_Problem details_:
Produce a word-for-word copy of the listing below without its pictures.

_Data segment_:

------------

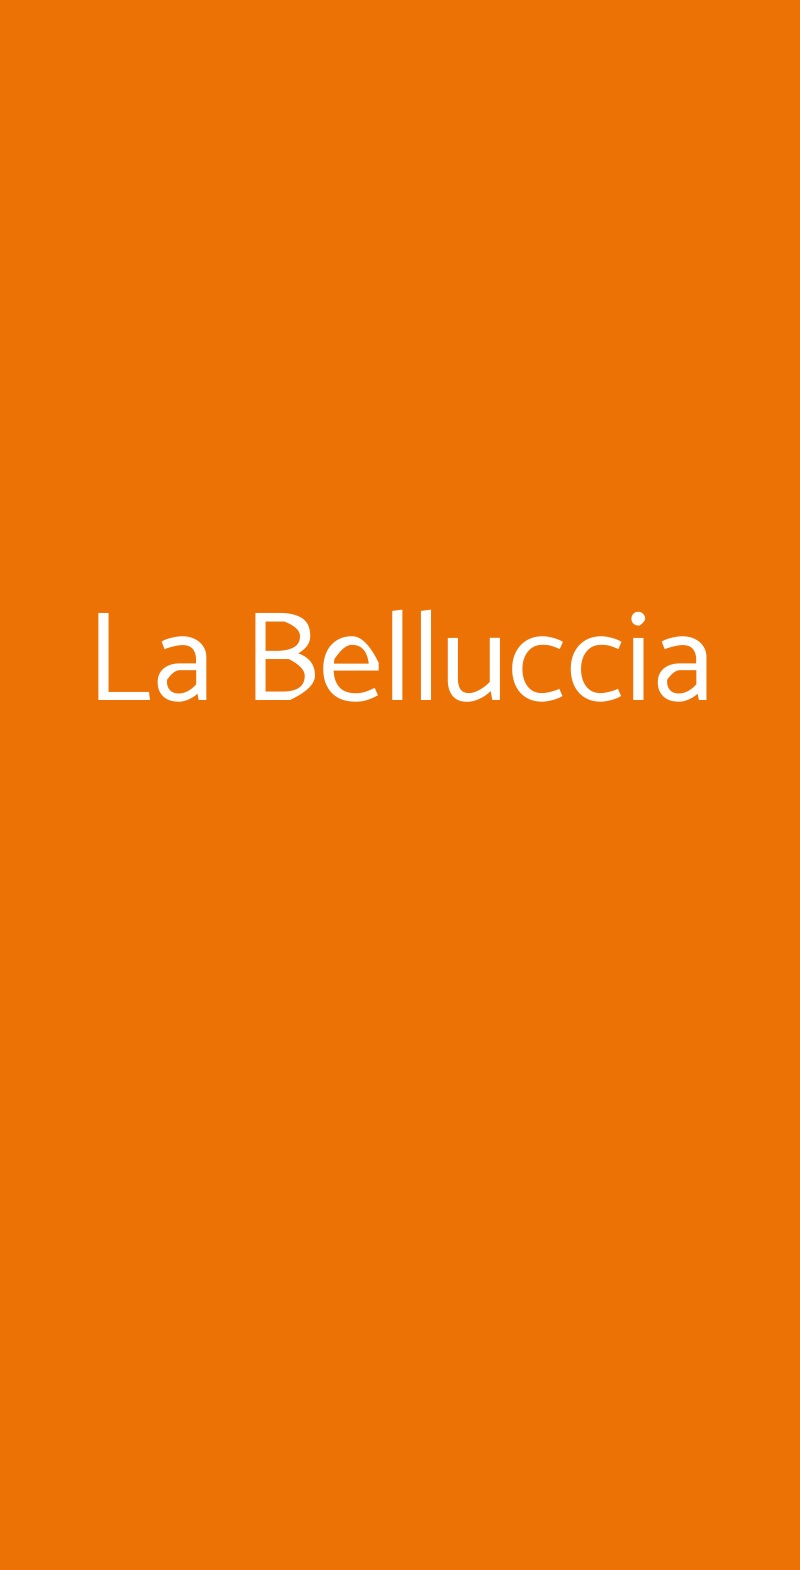 La Belluccia Serravalle Pistoiese menù 1 pagina
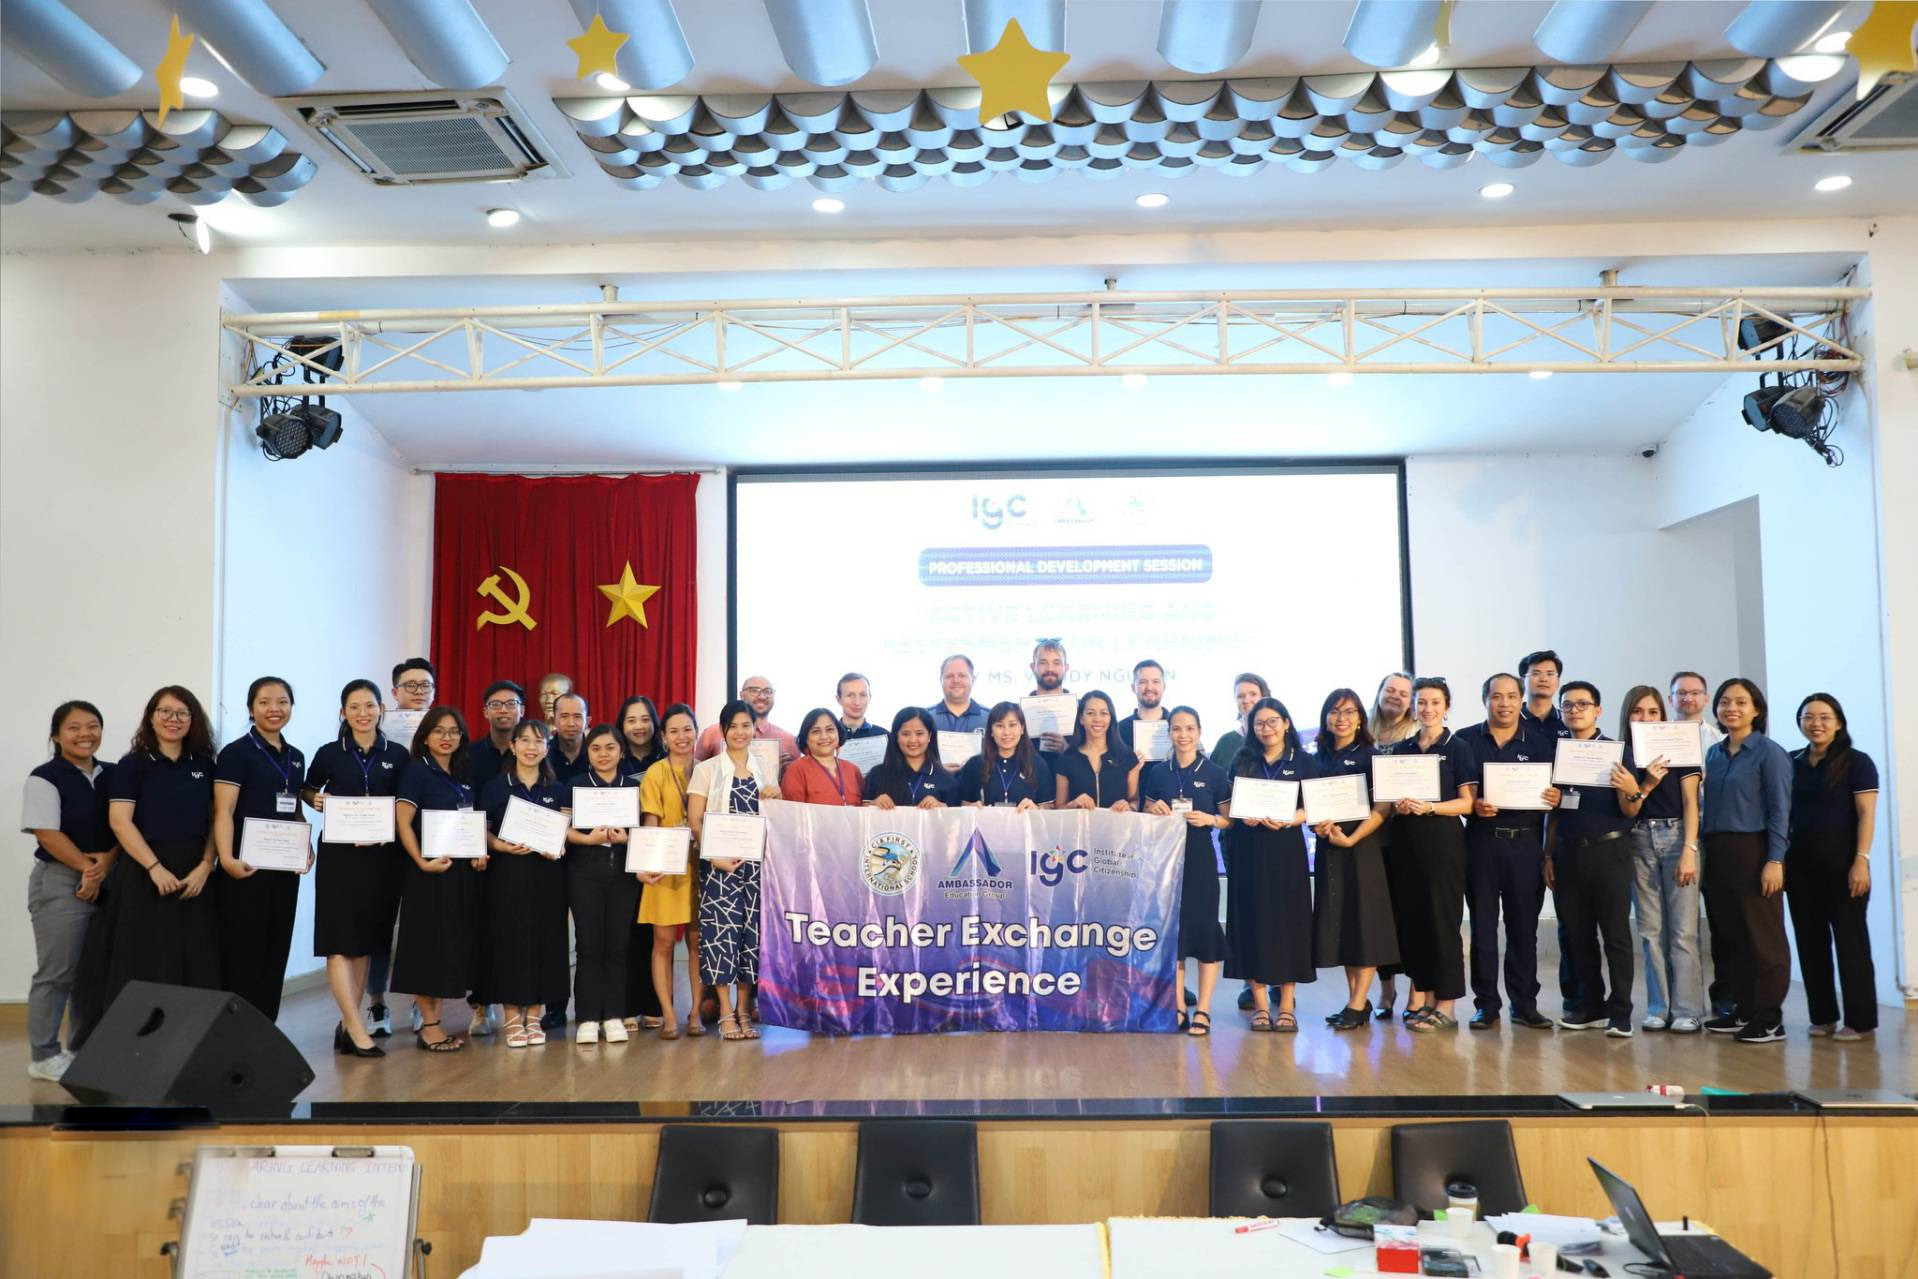 IPS đón đoàn giáo viên IGC (Việt Nam), AEG (Thái Lan) và CIA (Campuchia) đến tham gia chương trình giao lưu, trao đổi kinh nghiệm
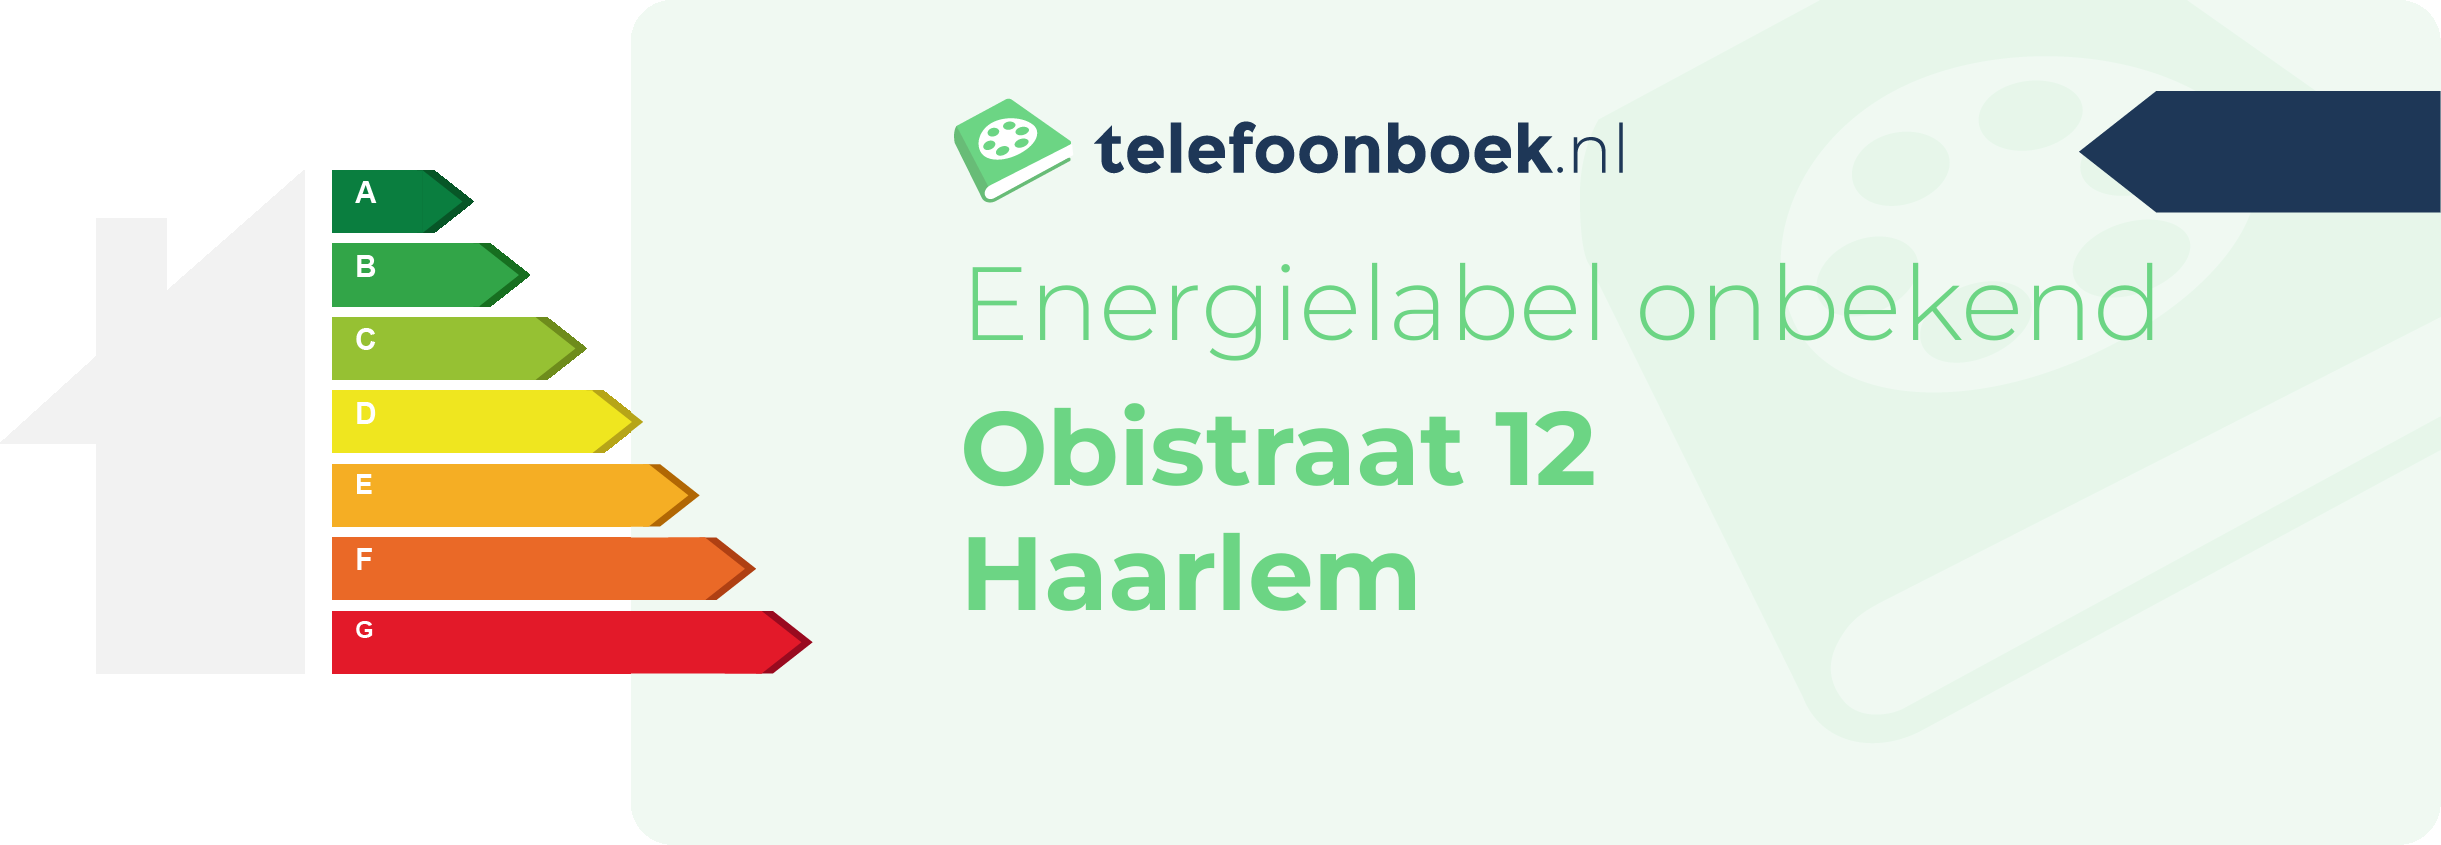 Energielabel Obistraat 12 Haarlem

------------

_Completed task_:
 La Belluccia Serravalle Pistoiese menù 1 pagina
 IPS đón đoàn giáo viên IGC (Việt Nam), AEG (Thái Lan) và CIA (Campuchia) đến tham gia chương trình giao lưu, trao đổi kinh nghiệm
 Energielabel Obistraat 12 Haarlem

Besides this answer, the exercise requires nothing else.